Source
This poem was published in the Calcutta Review for October 1885, signed “Rudyard Kipling”. In a letter to his aunt Edith Macdonald, 30 July 1885, he writes (Letters 1, p. 82):
the Calcutta Review has written very sweetly about a poem of mine – in blank verse – which appears in the August number.
(in fact it was postponed until the October)
The Calcutta Review was a successful quarterly, founded in May 1844, and owned in Kipling’s day by Thacker Spink & Company. Pinney notes that in a letter to Cormell Price on September 19th 1885 Kipling refers to this poem as ‘peculiarly blank verse’. (Letters 1 p. 86)
It is collected in the Sussex Edition (vol. 35 p. 170) and the Burwash Edition (vol 28) but not in Inclusive Verse or Definitive Verse.
The Poem
Hamid Ali and a learned man, a moulvie, have been smoking ganja (cannabis) with two courtesans, in a chamber above the Delhi Gate of the walled city of Lahore. Hamid Ali, under the influence of the drug, has had a fearsome dream of dissolution and destruction, and the moulvie is called on to write it down. His presence, as a witness rather than an active participant, is similar to that of the narrator of “On the City Wall” in Soldiers Three and Other Stories, and “In the House of Suddhoo” in Plain Tales From the Hills.

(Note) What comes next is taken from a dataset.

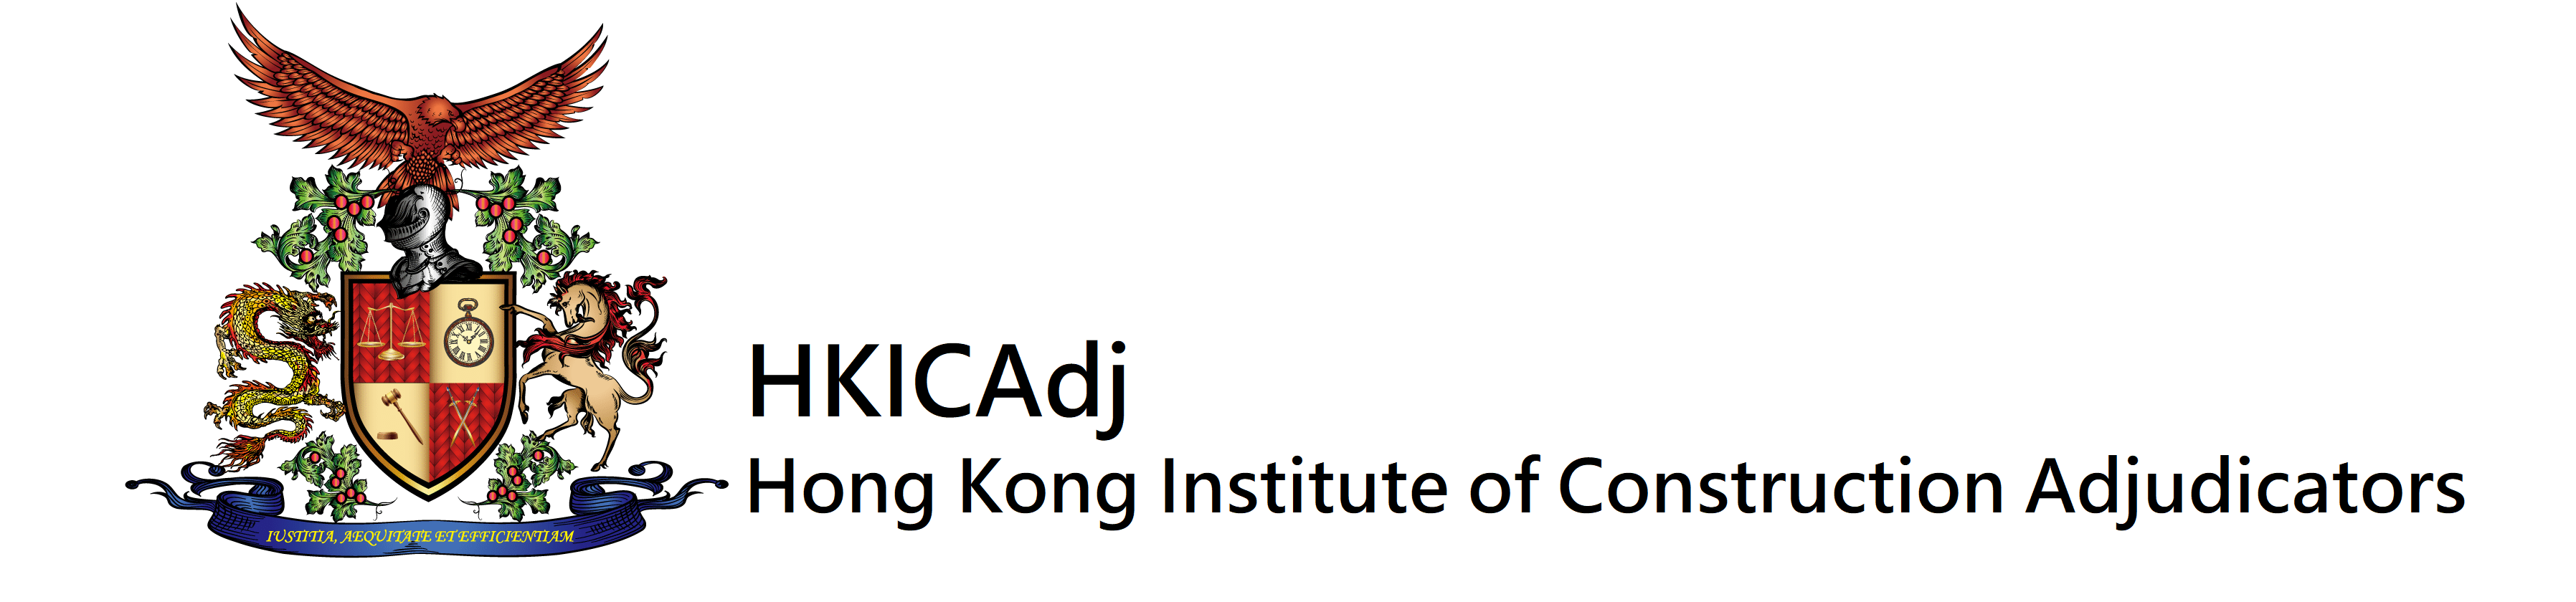 Hong Kong Institute of Construction Adjudicators (HKICAdj) logo

In Hamid’s dream, the temples of all faiths, Islam, Christianity, Buddhism, Hinduism, and all their symbols, are destroyed with fire and the sword. All is lost, and the priests cry that the gods are dead. The Pearl dismisses the vision, telling Hamid that she at least is real. The moulvie hopes that it is only the ganja speaking, otherwise they are lost for their blasphemy.
Notes on the Text
ganja The buds of Indian Hemp, dried for smoking, cannabis.
Muezzin The crier who calls the Muslim faithful to prayer.

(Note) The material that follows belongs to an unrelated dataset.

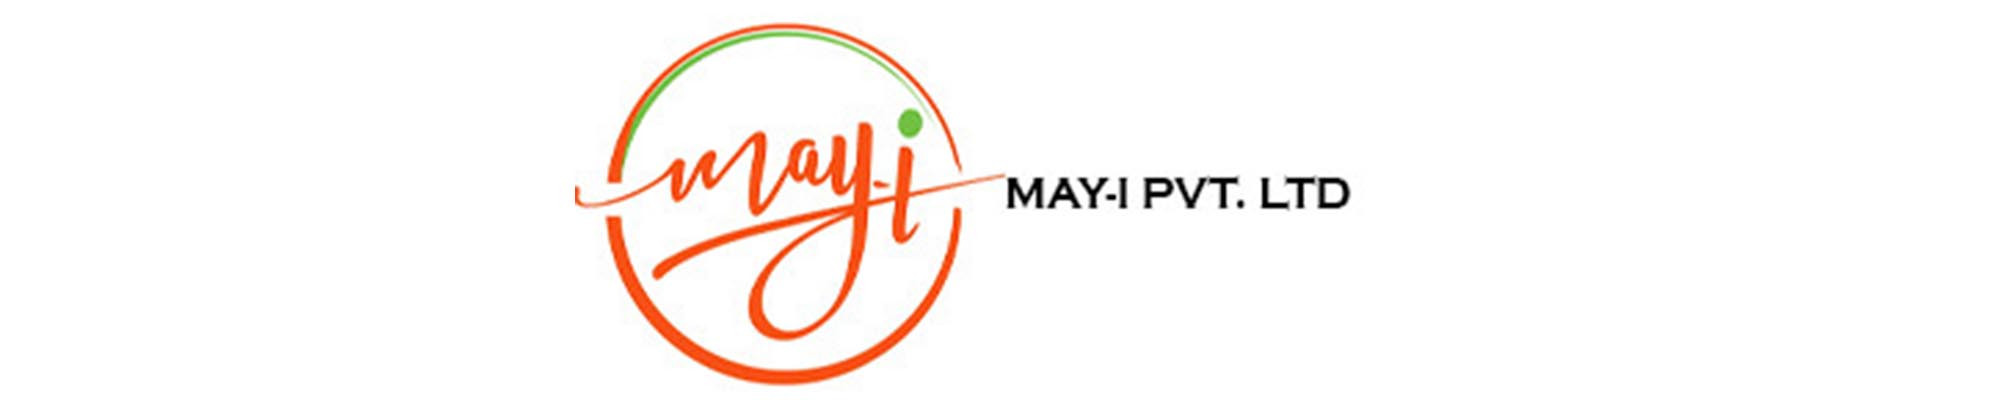 MAY-I Pvt. Ltd.

Mosque of Wuzzer Khan (usually Wazir Khan). One of the sights of Lahore, built by the Mughal Emperor Shah Jahan in 1641. c.f. “The City of Dreadful Night” (Life’s Handicap p. 371), published at almost the same time as this poem, September 1885.

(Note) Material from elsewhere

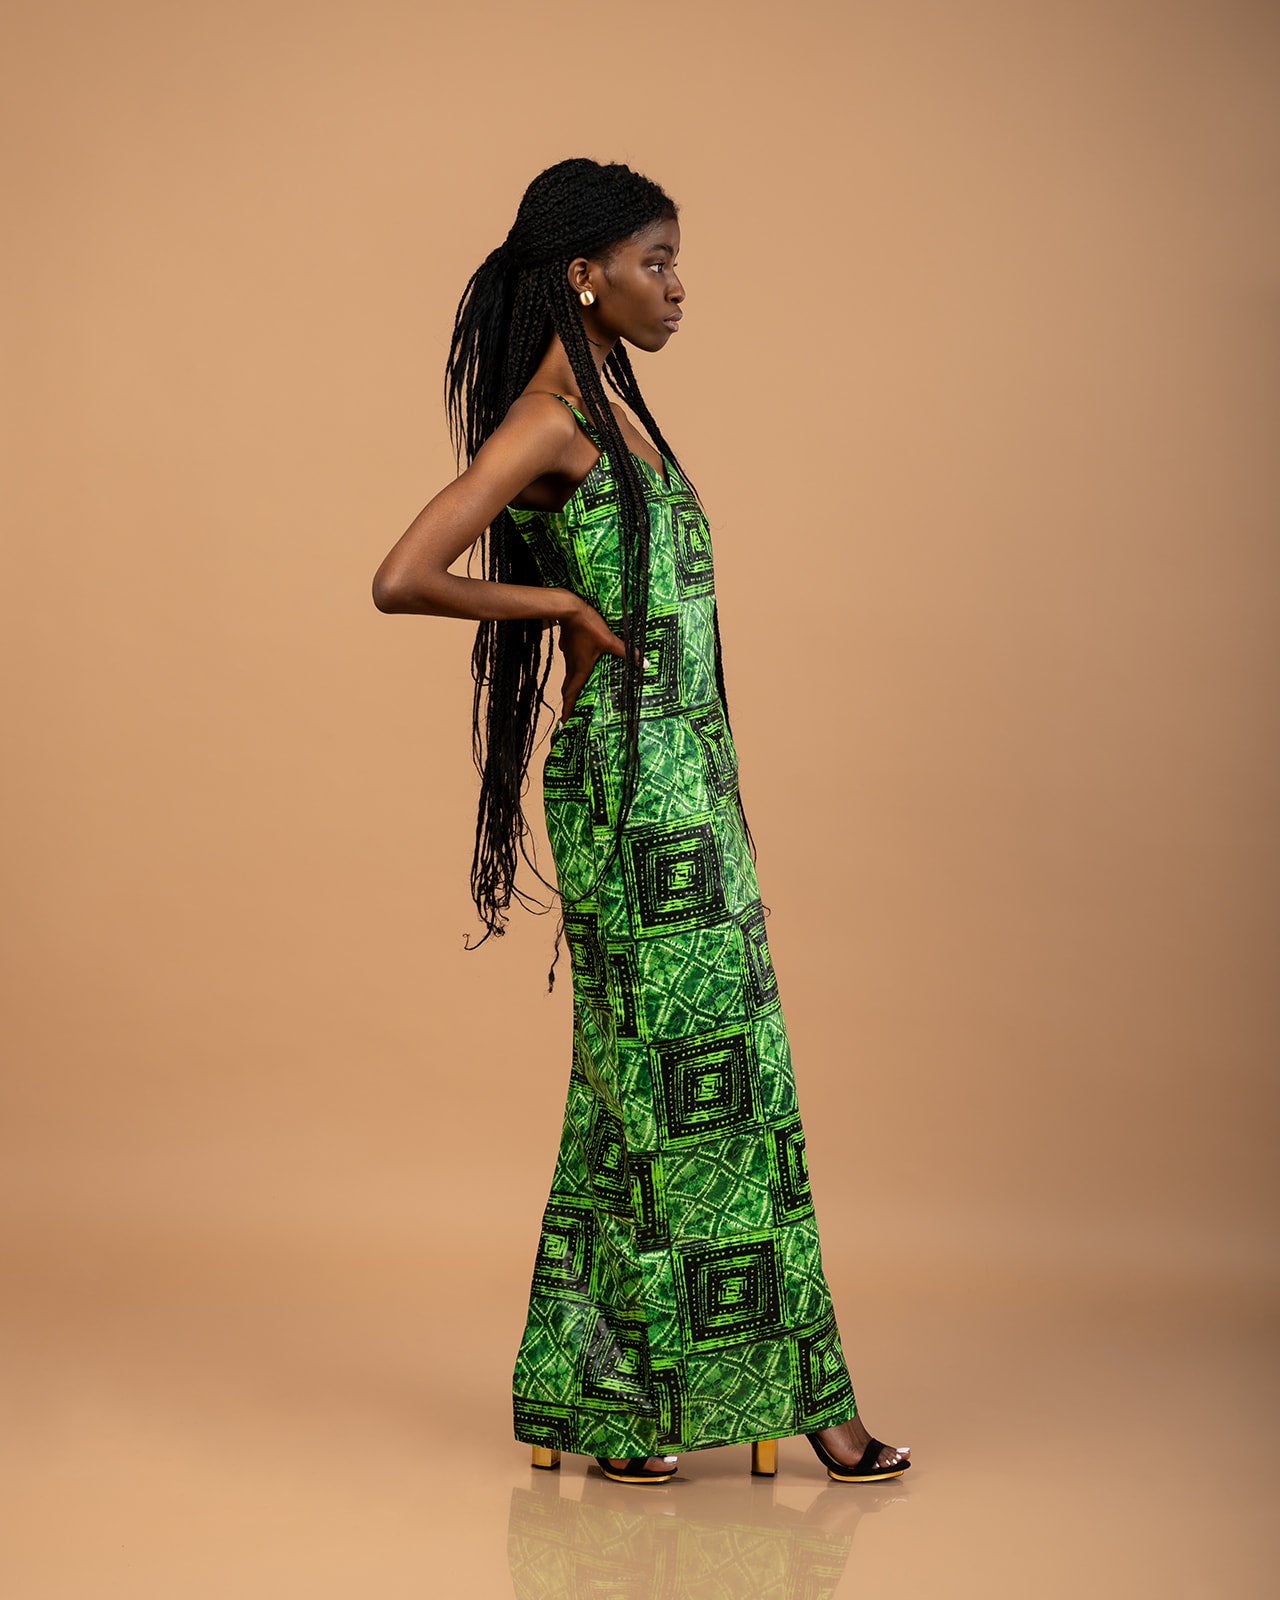 Handmade African Print two-piece Ankara mesh dress: Made with 100% cotton high-quality African Batik wax fabric

In that story, the narrator, wandering through the sleeping city as Kipling often did, climbs one of the minarets hoping for a breath of cool air, and hears the muezzin making his midnight call, ‘Allah ho Akbar!’ (‘God is the Greatest!’).
chillam hookah, water-pipe.
The Twelve the twelve Imams, religious leaders of the Shia branch of Islam.
The Prophet Mohammed.
Moulvie title given to a learned man.
Perfect Flower the ganja.
Roum originally Rome, meaning the Eastern Roman Empire centred on Byzantium; hence Christendom.
As people hold shall be in two more years a popular prophecy of an invasion from the north which will sweep the British away. They always felt a Russian invasion was a threat: see “The Man who Was”, “The Truce of the Bear”, and above all “Kim”.
kashi tilework.(right) The interior of the Mosque of Wazir Khan is richly embellished with elaborate floral and geometric tiles.
The Banner Shiite banner carried in procession at the Mohurrum festival. See “On the City Wall” (Soldiers Three, p. 339)
the Crescent The emblem of Islam, as the Cross is of Christianity.
the Wheel The Buddhist emblem of the Wheel of Life. See “Kim”.
the Flowers probably flowers used in Hindu temple ceremonies.
Parvati (left) The Hindu Goddess of fertility, beauty, and love, the wife of Siva.
The Seven Stars In ancient Indian astronomy, the constellation of the The Great Bear (Ursa Major) is called saptarishi, with the seven stars representing seven rishis (saints), namely “Vashistha”, “Marichi”, “Pulastya”, “Pulaha”, “Atri”, “Angiras” and “Kratu”.